Generation. of pathogenicity.

Based on what you have described, I would not advise you to have any more children.

Morbidity. It's too high, it's not good for yourself and children.

The chromosomes in the nucleus are the main aspects that determine a person. Chromosomes in the cytoplasm have a role in mitochondria.

Chromosomes express proteins in rows

The law of linkage and crossing-over of genes is defined as:

During the formation of germ cells, genes located on the same chromosome are linked together and passed on as a unit, which is called the linkage law. During germ cell formation, there can be an exchange between different pairs of alleles on a pair of homologous chromosomes, known as the exchange law or exchange law.

It is one of the three laws of genetics. The other two laws are the law of segregation of genes (Mendel's first law) and the law of free combination of genes (Mendel's second law). Interlocking and interchange are common phenomena in the biological world, and they are also one of the important causes of biodiversity.

In general, the farther apart the two pairs of alleles, the greater the chance of exchange, i.e., the higher the exchange rate; Conversely, the closer they are, the lower the exchange rate. Thus, the exchange rate can be used to reflect the relative distance between two genes on the same chromosome.
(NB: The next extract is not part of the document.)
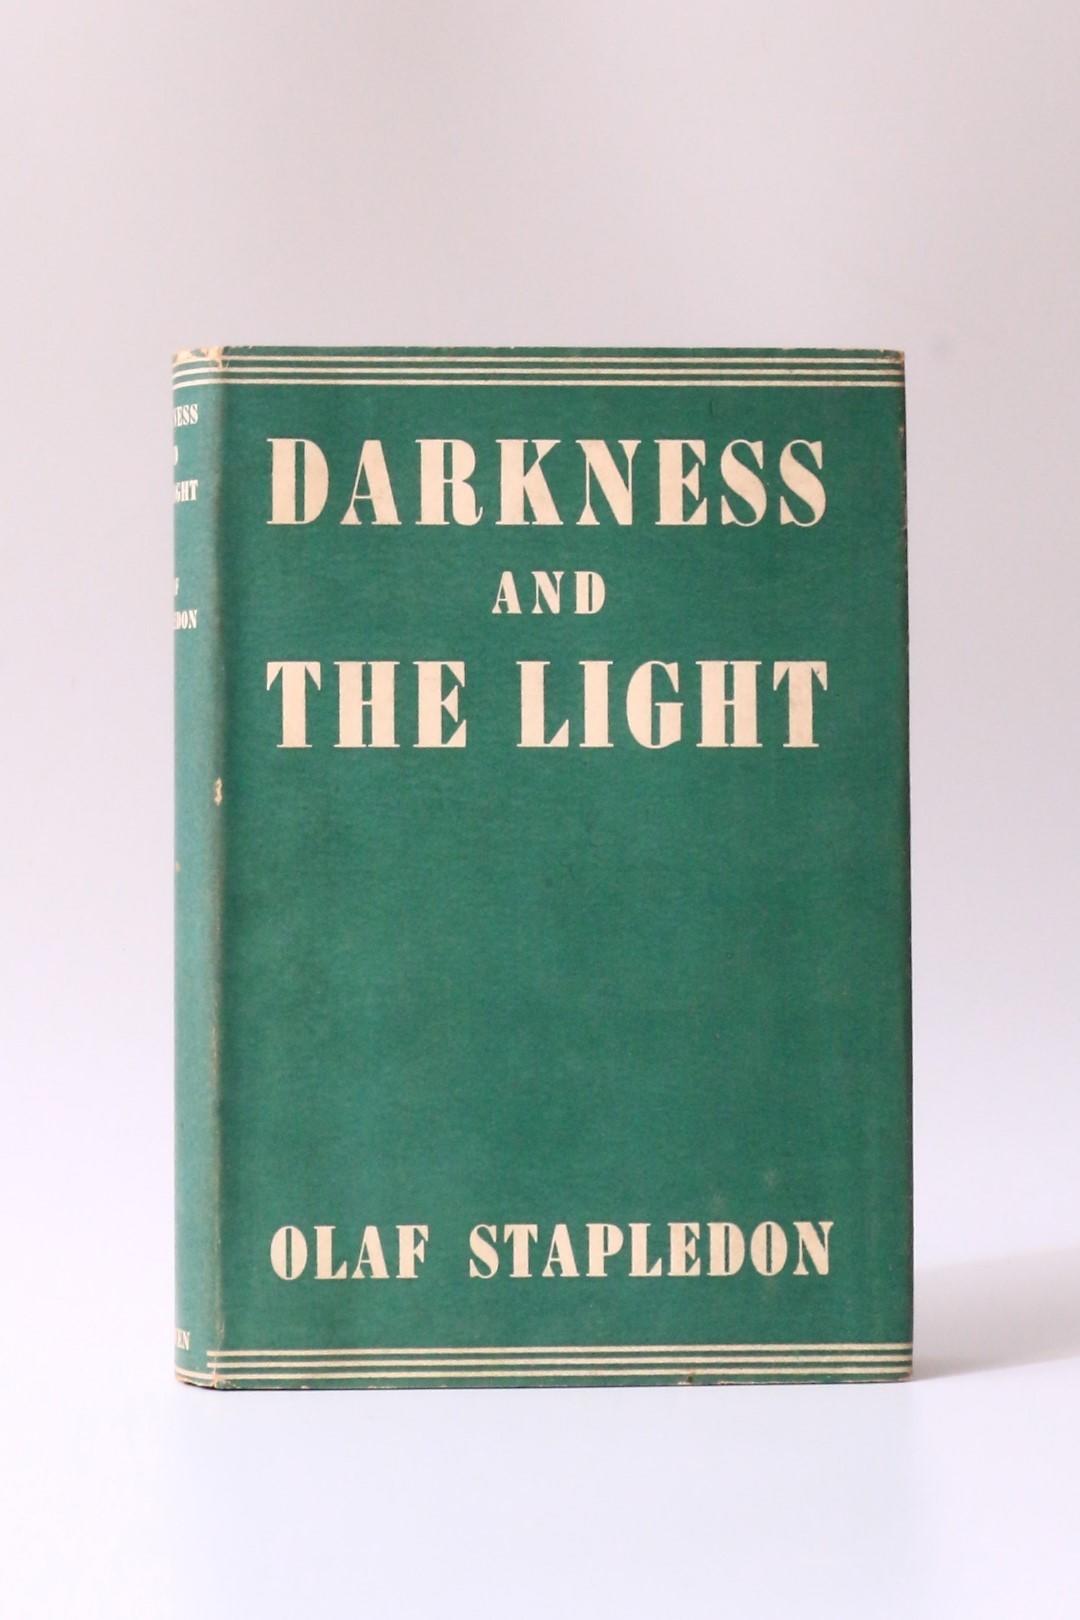 Olaf Stapledon - Darkness and the Light - Methuen, 1942, Signed First Edition.

When the recombination rate is 1%, the distance between the two genes is recorded as 1 centimorgan (cm).

Pprraa and Pprraa were crossed, F1 was Pprraa, and the proportion of wheat obtained by F1 inbred was 3 4 times 3 4 times 3 4 by 3 4 4, that is, 27 64, and the ratio of homozygous Mao Ying, rust resistance, and no mangs (Pprraa) was 1 4 times 1 4 times 1 4, that is, 1 64, so the proportion of homozygous Mao Ying, rust resistance, and no mangs accounted for the phenotype of Mao Ying, rust resistance, and no mangs was 1 27, so the ratio of Mao Ying, rust resistance, and no mangs ( pprraa), at least 10 wheat, p-r-a-free (p-r-a-) wheat with the phenotype should be selected in the F2 population, and the expression type should be at least 1 divided by 1 27, that is, 270 plants.

There are better formulas:

Creating something out of nothing is hidden, and giving birth to a girl is often hidden".It means that the disease-free parents give birth to a sick child, and this genetic disease is a recessive genetic disease; If a diseased daughter is born, the disorder is autosomal recessive.

There is no dominance in the middle of life, and the disease of the birth of a girl is often obvious".It means that the sick parents give birth to a disease-free child, and this genetic disease is a dominant genetic disease; If a disease-free daughter is born, the genetic disorder is autosomal dominant.

Through these two formulas, the autosomal genetic disease can be eliminated.

As for companion inheritance, there is also a formula:

In the case of recessive inheritance, "the mother and the child will be sick, and the female and the father will be sick".The reason is that the mother has the disease, and both of her X chromosomes carry a recessive pathogenic gene, and there must be a recessive pathogenic gene that is passed on to her son (genotype XY) along with an X chromosome, and the son's Y chromosome has no relative equivalent action, and a recessive pathogenic gene causes the male to manifest the disease. In the same way, when a daughter is sick, both of her X chromosomes carry a recessive pathogenic gene, and there must be a recessive pathogenic gene that was passed on to her by her father (genotype XY) along with an X chromosome.

In general, in the pedigree with X recessive, if a woman has a disease with X recessive, her father and her son should be the patients. And in the pedigree with x recessive, the incidence is more common in males than females.

In the dominant inheritance with x, "the mother will be sick, and the father and daughter will be sick".The reason is similar, in the pedigree with X dominant, if a man suffers from a sex X dominant genetic disease, his mother and his daughter should be the patient. And in pedigrees with x-dominant inheritance, the incidence is more common in females than males.

In Y-chromosome genetic diseases, it is manifested as a disease that only occurs in males, and it is passed from father to son, from child to grandchild, and there is no end of children and grandchildren.